**COLLECTED MATERIAL**:
*** Block opens ***

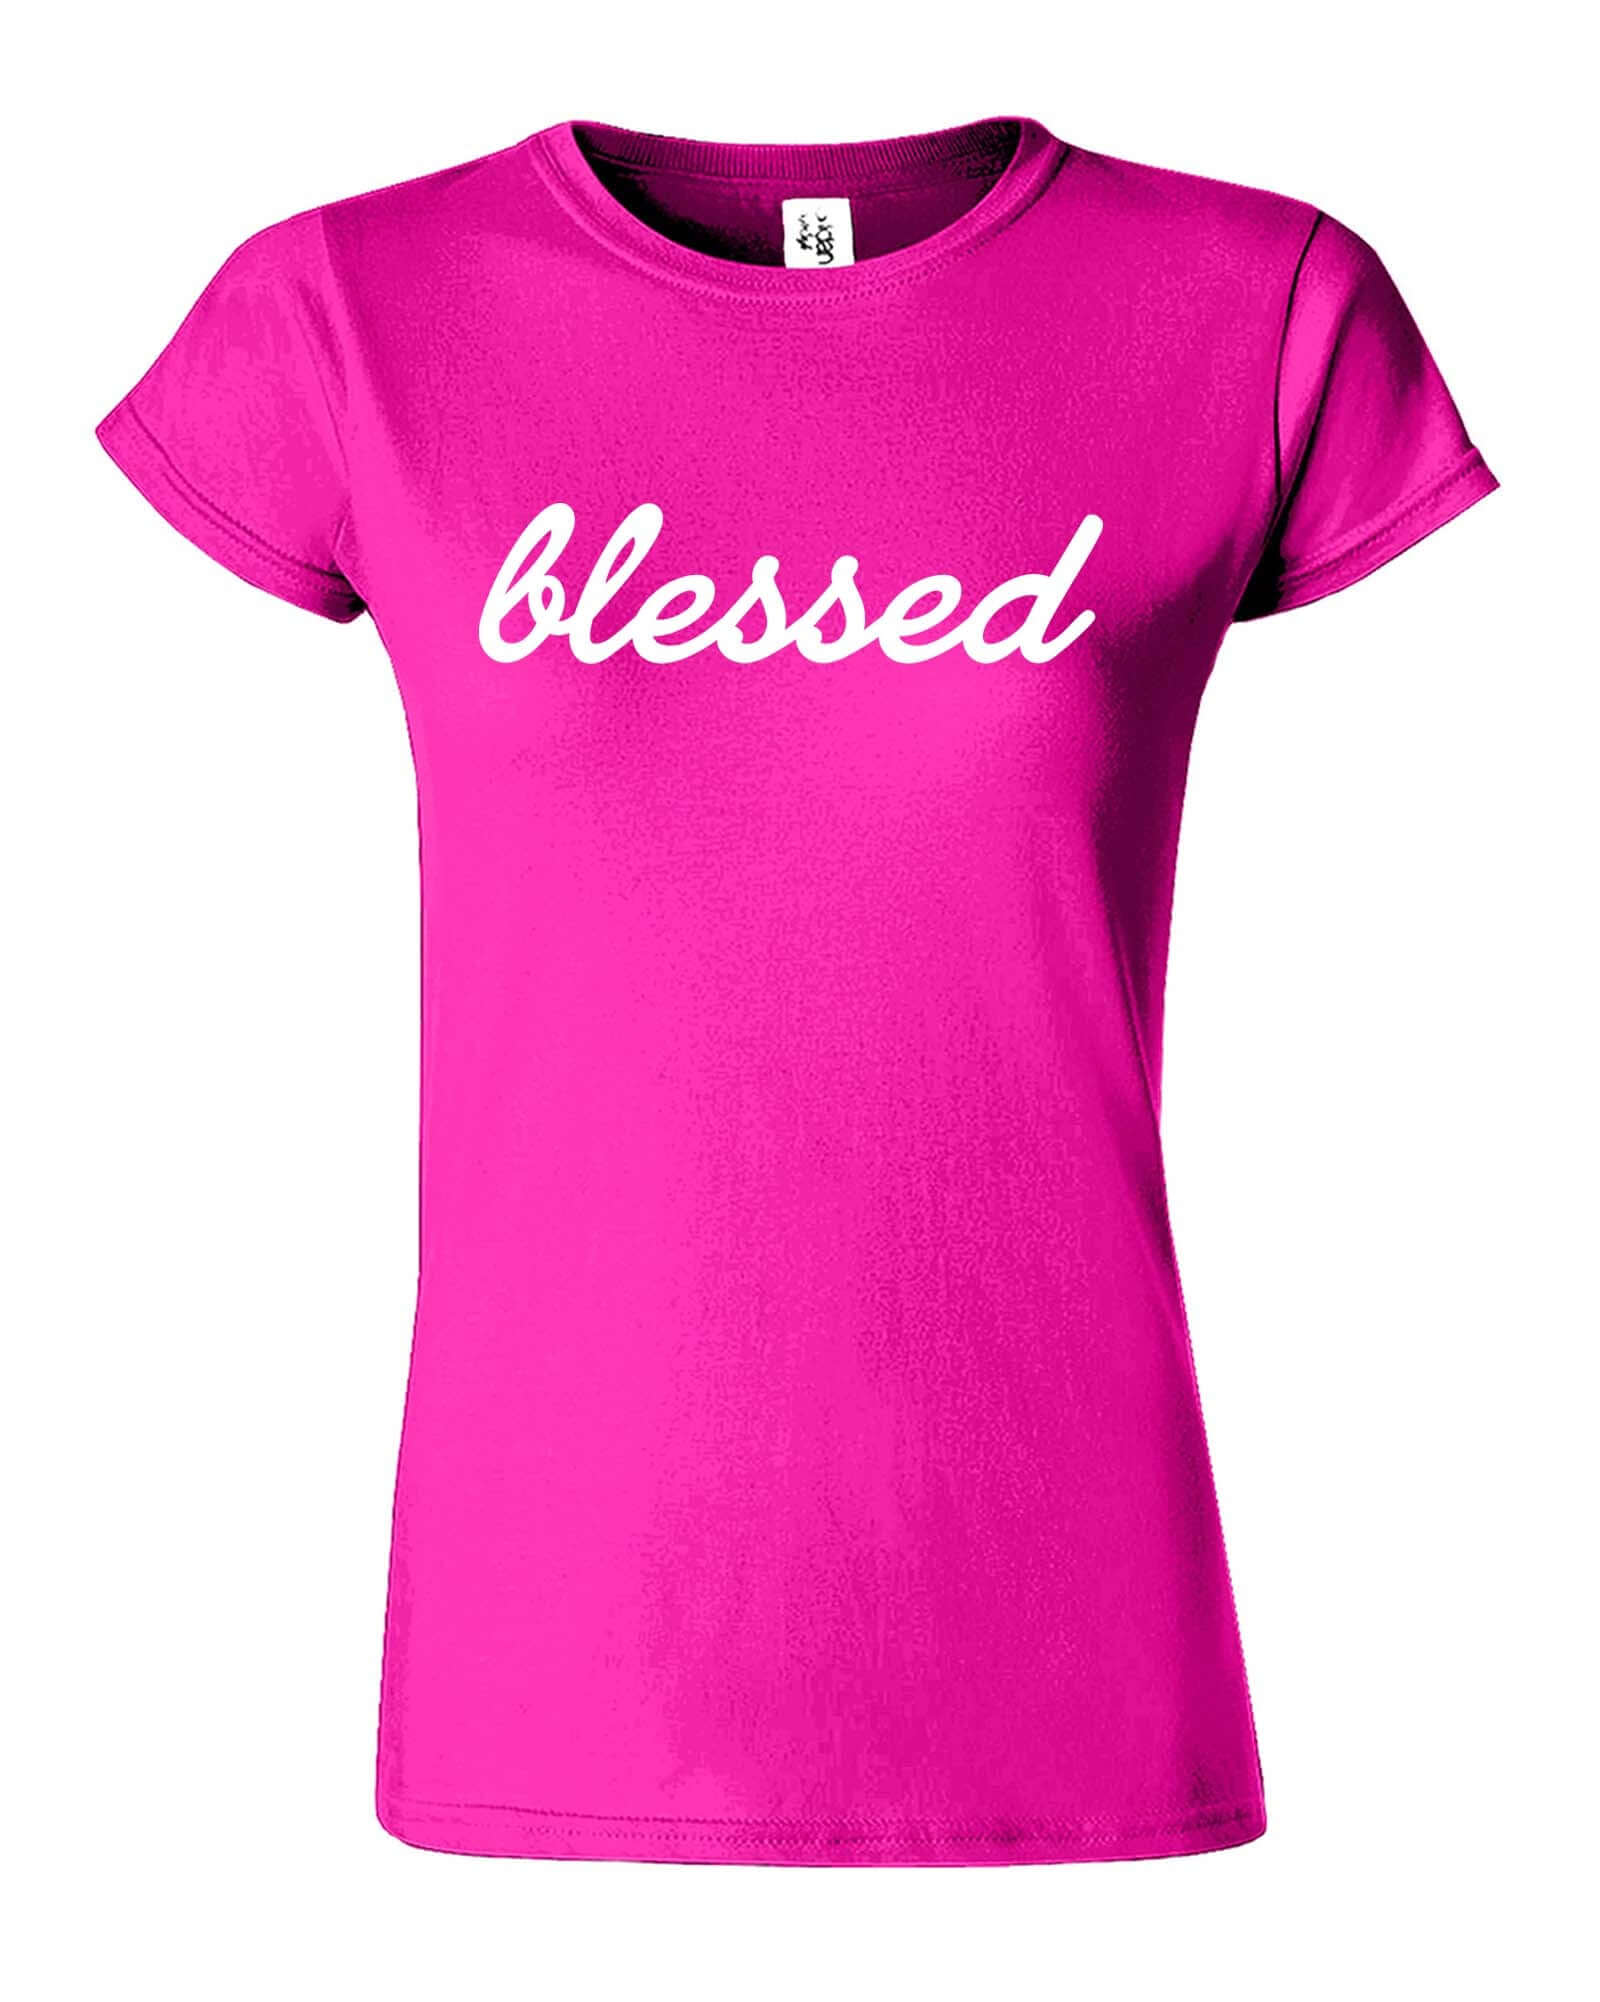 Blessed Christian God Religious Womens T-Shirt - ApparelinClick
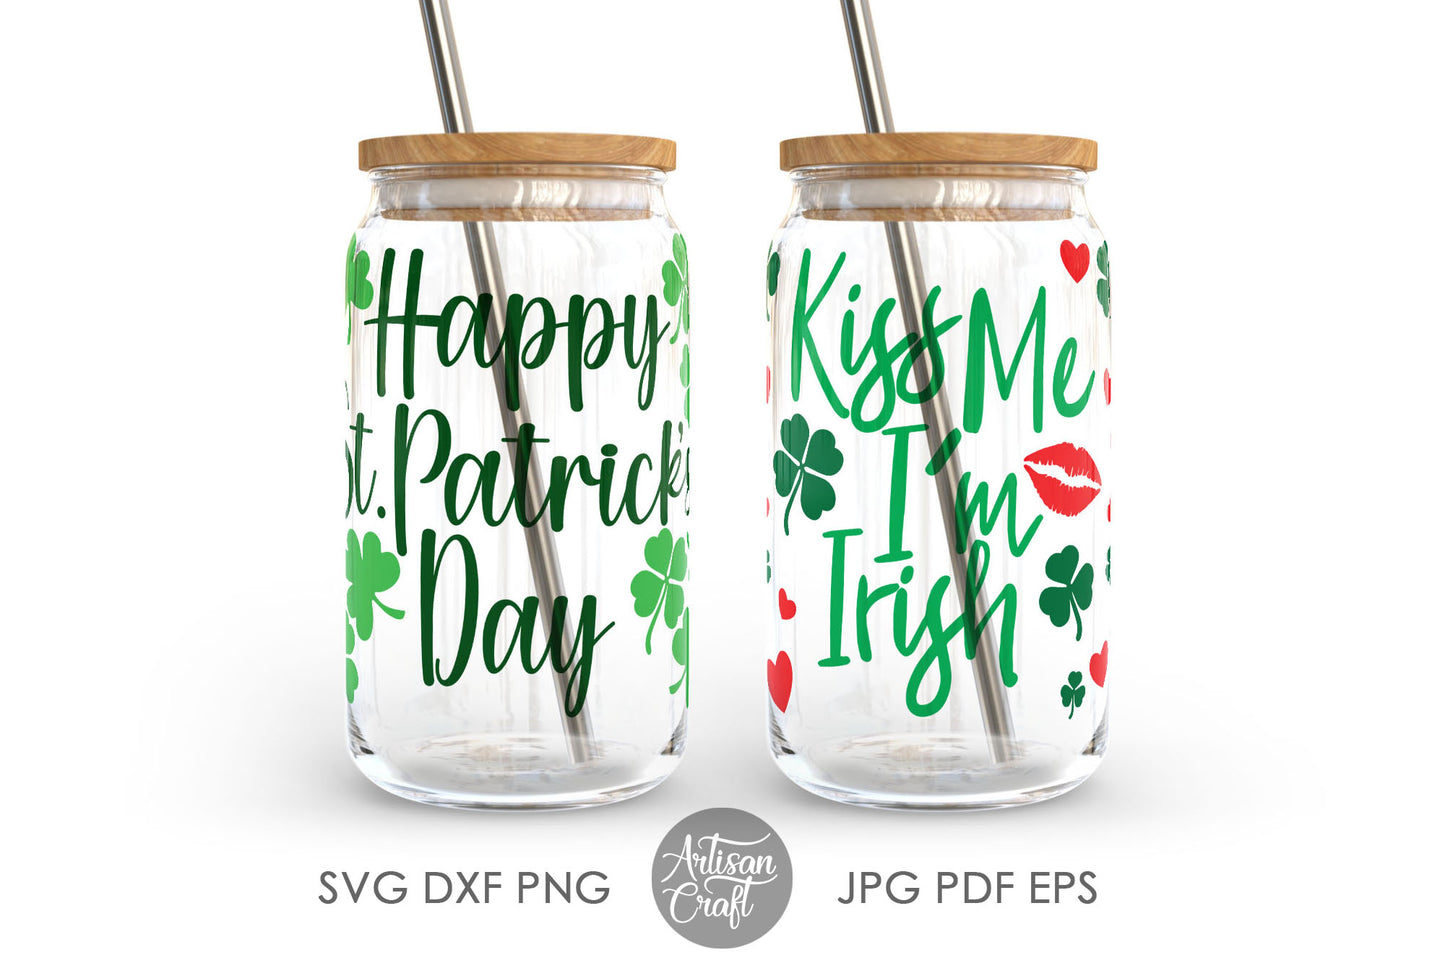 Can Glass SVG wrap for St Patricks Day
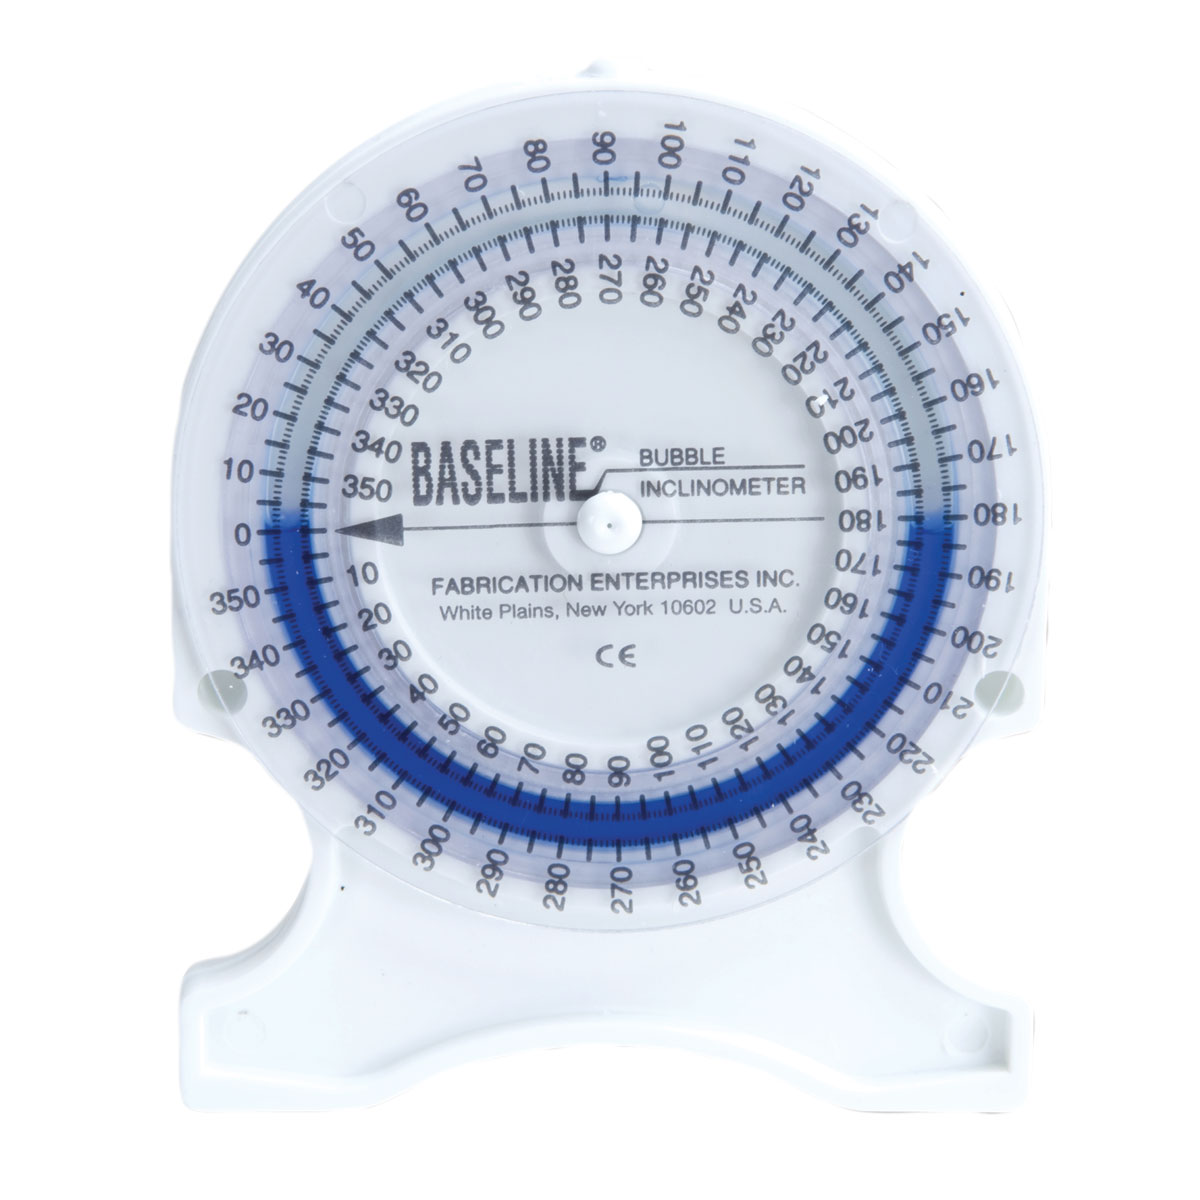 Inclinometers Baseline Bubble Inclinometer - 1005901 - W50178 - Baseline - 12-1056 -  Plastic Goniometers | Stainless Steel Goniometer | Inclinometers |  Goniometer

*** Block closes ***

**TASK**:
Restate the whole listing word for word. Omit the pictures.

**EXERCISE RESPONSE**:
 Blessed Christian God Religious Womens T-Shirt - ApparelinClick
 Can Glass SVG wrap for St Patricks Day
 Inclinometers Baseline Bubble Inclinometer - 1005901 - W50178 - Baseline - 12-1056 -  Plastic Goniometers | Stainless Steel Goniometer | Inclinometers |  Goniometer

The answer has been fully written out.